_Source data_
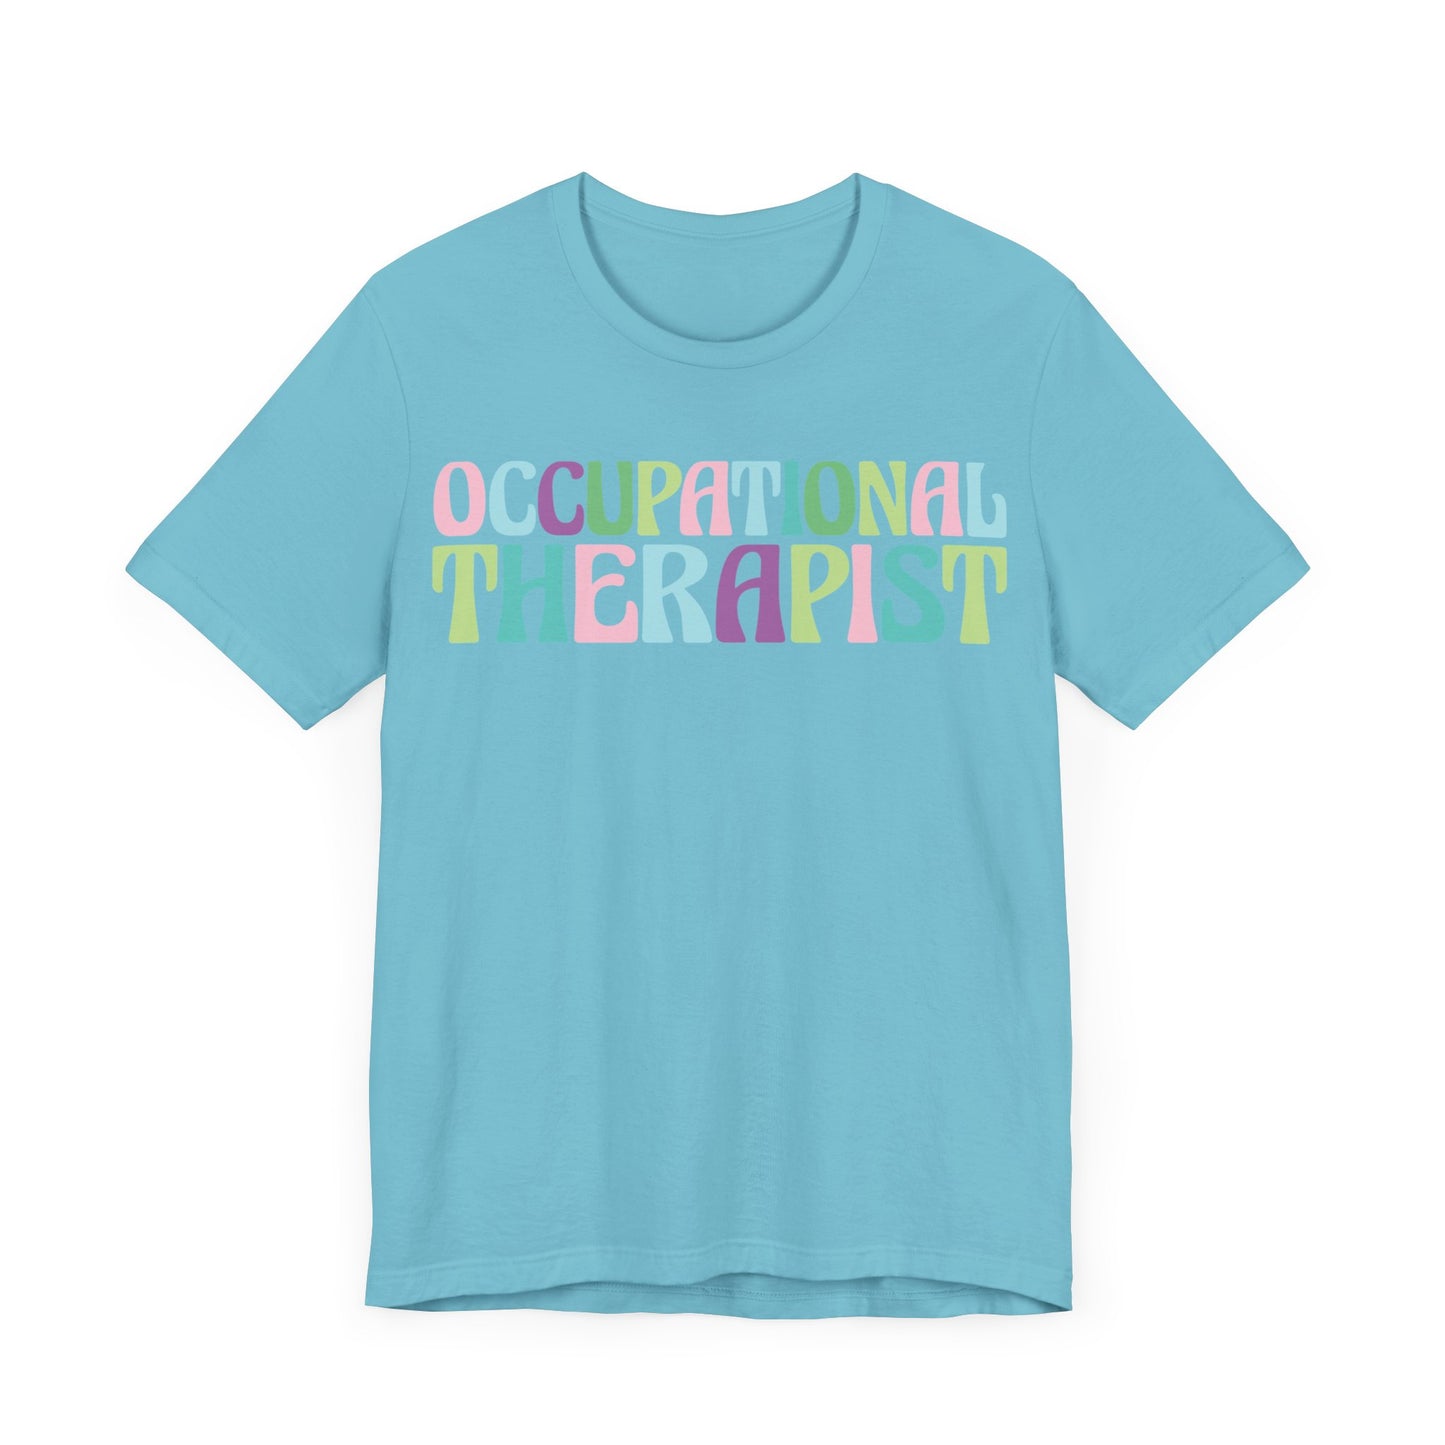 Occupational Therapist Melody Shirt, OT Shirt, Therapist Shirt
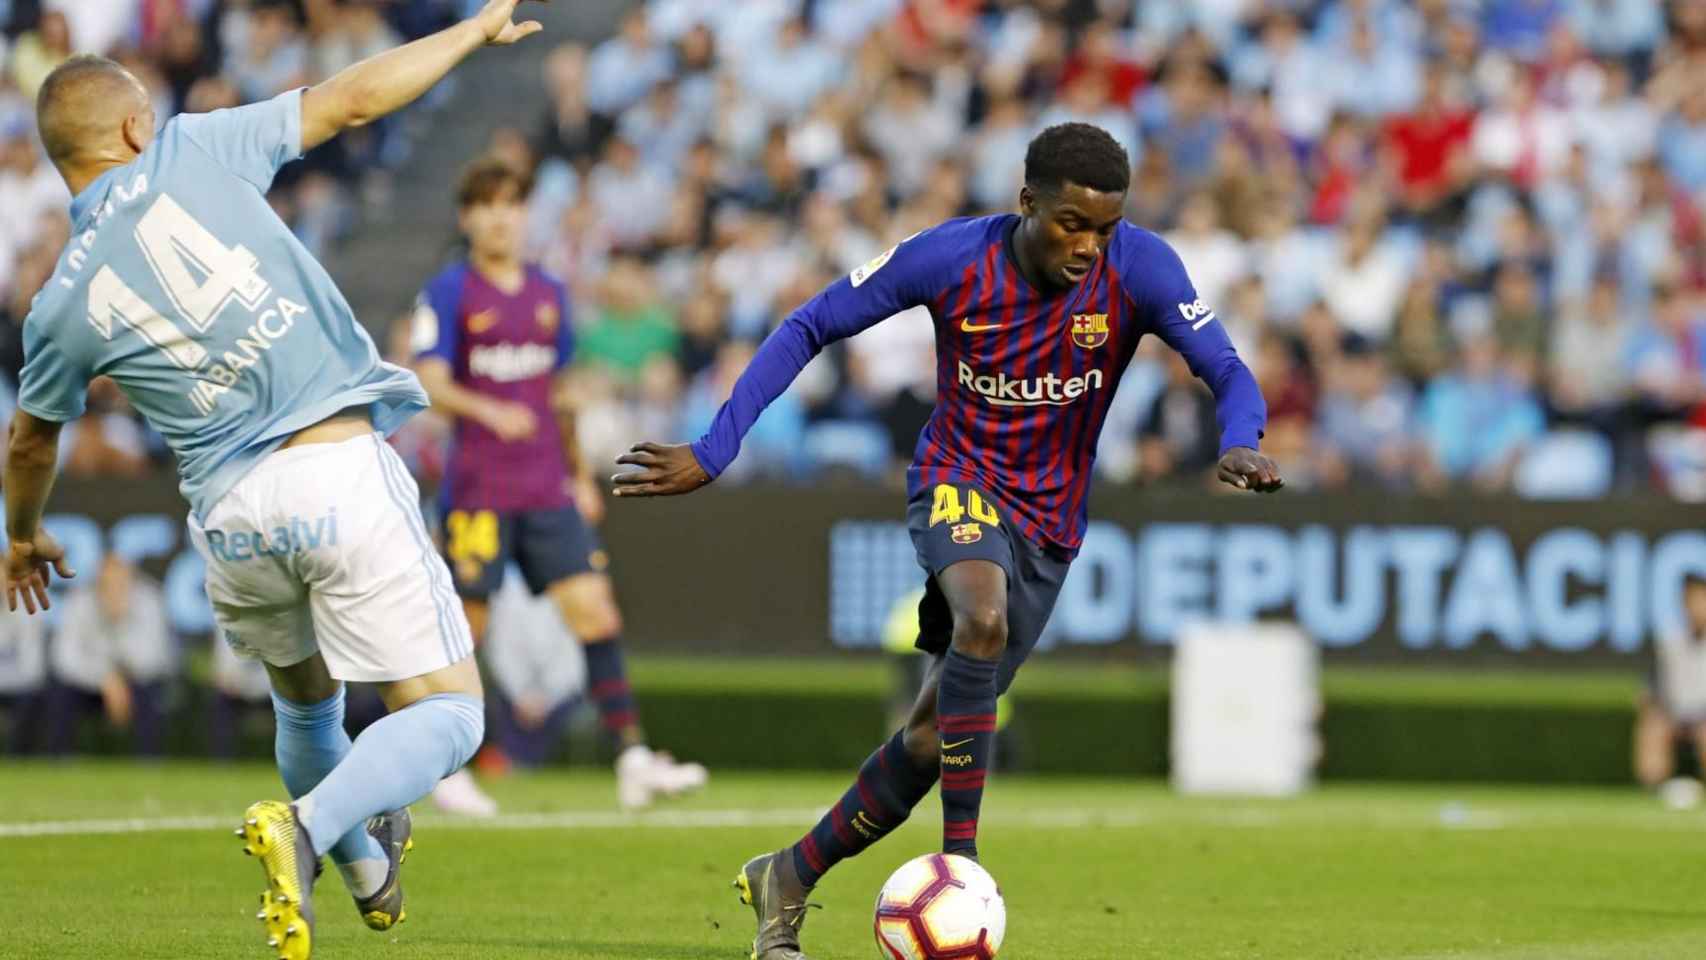 Wagué jugando contra el Celta en Balaídos / FC Barcelona
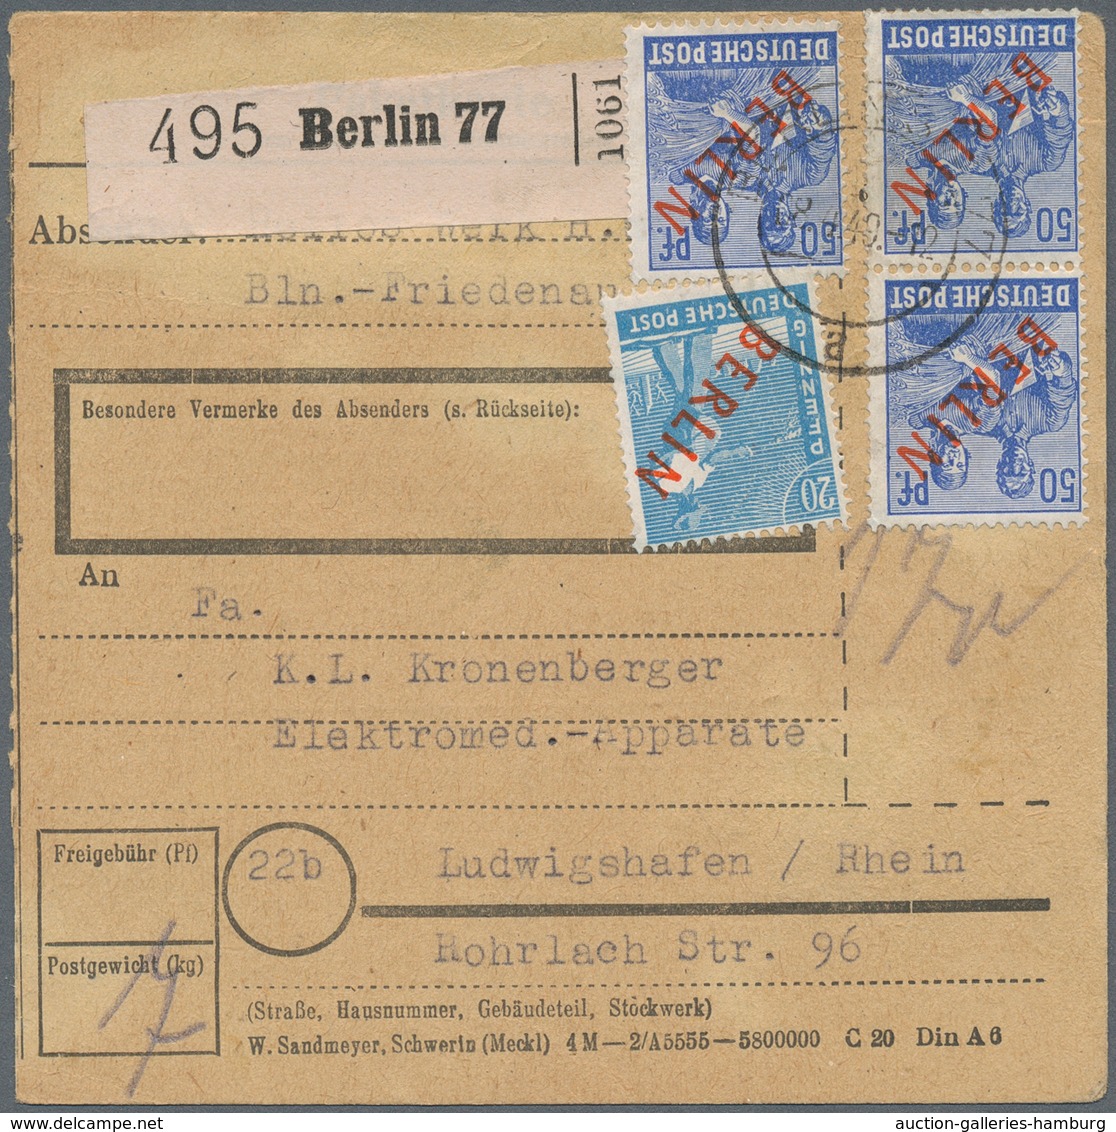 Berlin: 20 U. 3 Mal 50 Pf. Rotaufdruck Zusammen Auf Paketkarte Ab Berlin SW 77 Vom 8.4.49 Nach Ludwi - Covers & Documents

_Work item_
Would it be possible to reproduce the material word for word, images omitted?

_Exercise result_
 Occupational Therapist Melody Shirt, OT Shirt, Therapist Shirt
 Wagué jugando contra el Celta en Balaídos / FC Barcelona
 Berlin: 20 U. 3 Mal 50 Pf. Rotaufdruck Zusammen Auf Paketkarte Ab Berlin SW 77 Vom 8.4.49 Nach Ludwi - Covers & Documents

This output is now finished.